Yes, I went to school in the midwest.

A problem that does not involve corn

I wish someone would have told me that statistics could be useful for something I do deal with on a regular basis: improving the performance of software. Every software engineer has to make performance improvements at some point. The problem is that, in many cases, refactoring code to improve performance makes it harder to maintain. Of the two, I would prefer maintainable code any day. So the question becomes: how can I tell if a performance improvement actually matters?

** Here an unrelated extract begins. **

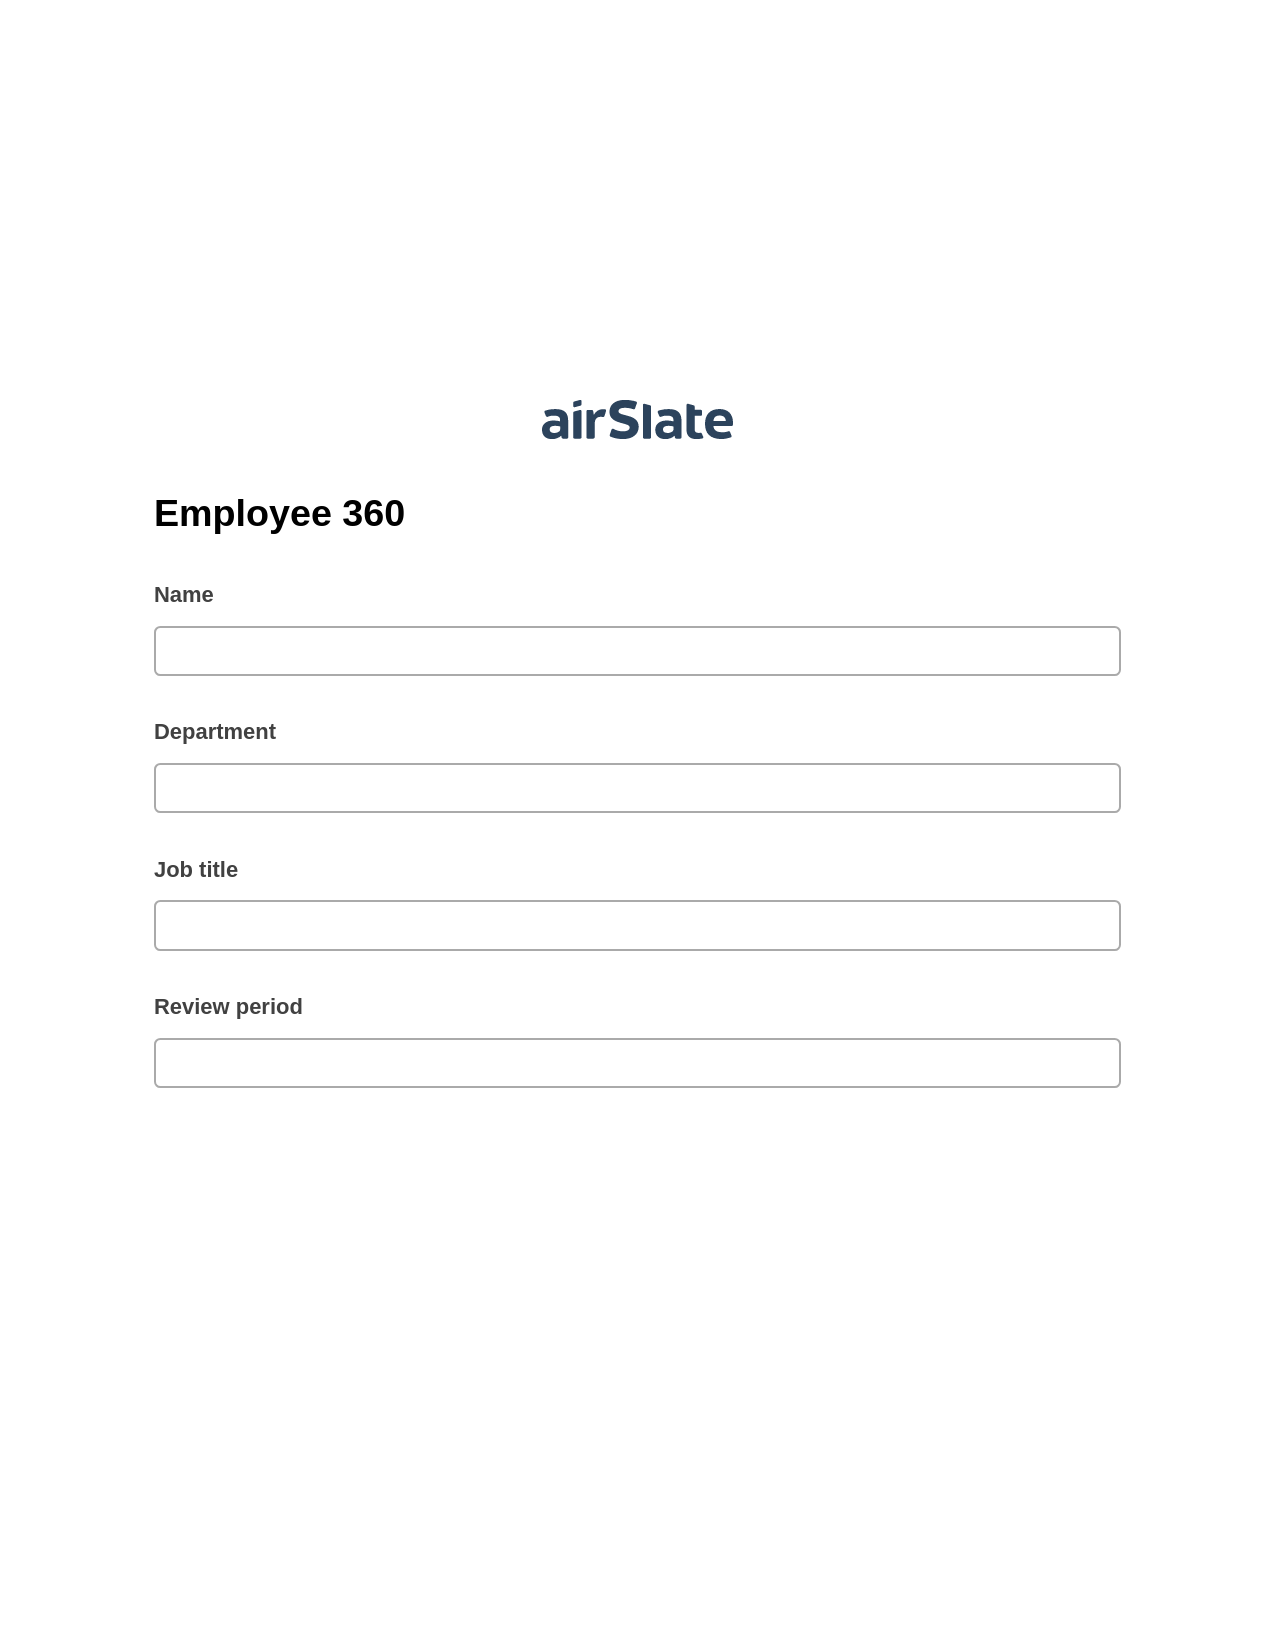 Multirole Employee 360 Prefill from NetSuite records, Update Audit Trail Bot, Webhook Postfinish Bot

How to measure performance wrong

As a simple example, let’s compare two ways to clear a large buffer in C. First we’ll measure a simple loop. Then we’ll use memset.

#include <omp.h>
#include <stdio.h>
#include <stdlib.h>
#include <string.h>

#define MEGABYTE 1048576
#define SIZE (1*MEGABYTE)

/* We will measure two ways to clear this buffer */
char buf[SIZE];

/* Clear buf using a simple for-loop */
static void setBuf() {
	for (int i = 0; i < SIZE; i++) {
		buf[i] = 0;
	}
}

int main() {
	/* How long does setBuf take? */
	printf("setBuf: ");
	double start = omp_get_wtime();
	setBuf();
	printf(" %f seconds\n", omp_get_wtime() - start);

	/* How long does memset take? */
	printf("memset: ");
	start = omp_get_wtime();
	memset(buf, 0, SIZE);
	printf(" %f seconds\n", omp_get_wtime() - start);

	return 0;
}

We’ll compile with -O2 optimization…

gcc -fopenmp -O2 -ov1 v1.c

…and then run it.

setBuf:  0.004712 seconds
memset:  0.000239 seconds

So, our simple loop (setBuf) is 20 times slower. It’s terrible, just like we expect.

Done!

Oh, wait, except for one thing. Let’s try them in the opposite order.

int main() {
	/* How long does memset take? */
	printf("memset: ");
	double start = omp_get_wtime();
	memset(buf, 0, SIZE);
	printf(" %f seconds\n", omp_get_wtime() - start);

	/* How long does setBuf take? */
	printf("setBuf: ");
	start = omp_get_wtime();
	setBuf();
	printf(" %f seconds\n", omp_get_wtime() - start);

	return 0;
}

Again, compile with O2 optimization…

gcc -fopenmp -O2 -ov2 v2.c

…and then run it.

memset:  0.002223 seconds
setBuf:  0.002382 seconds

Umm… what? Now they’re basically the same.

You’re measuring something, but it’s not your code

So here’s rule #1: take several measurements. Always.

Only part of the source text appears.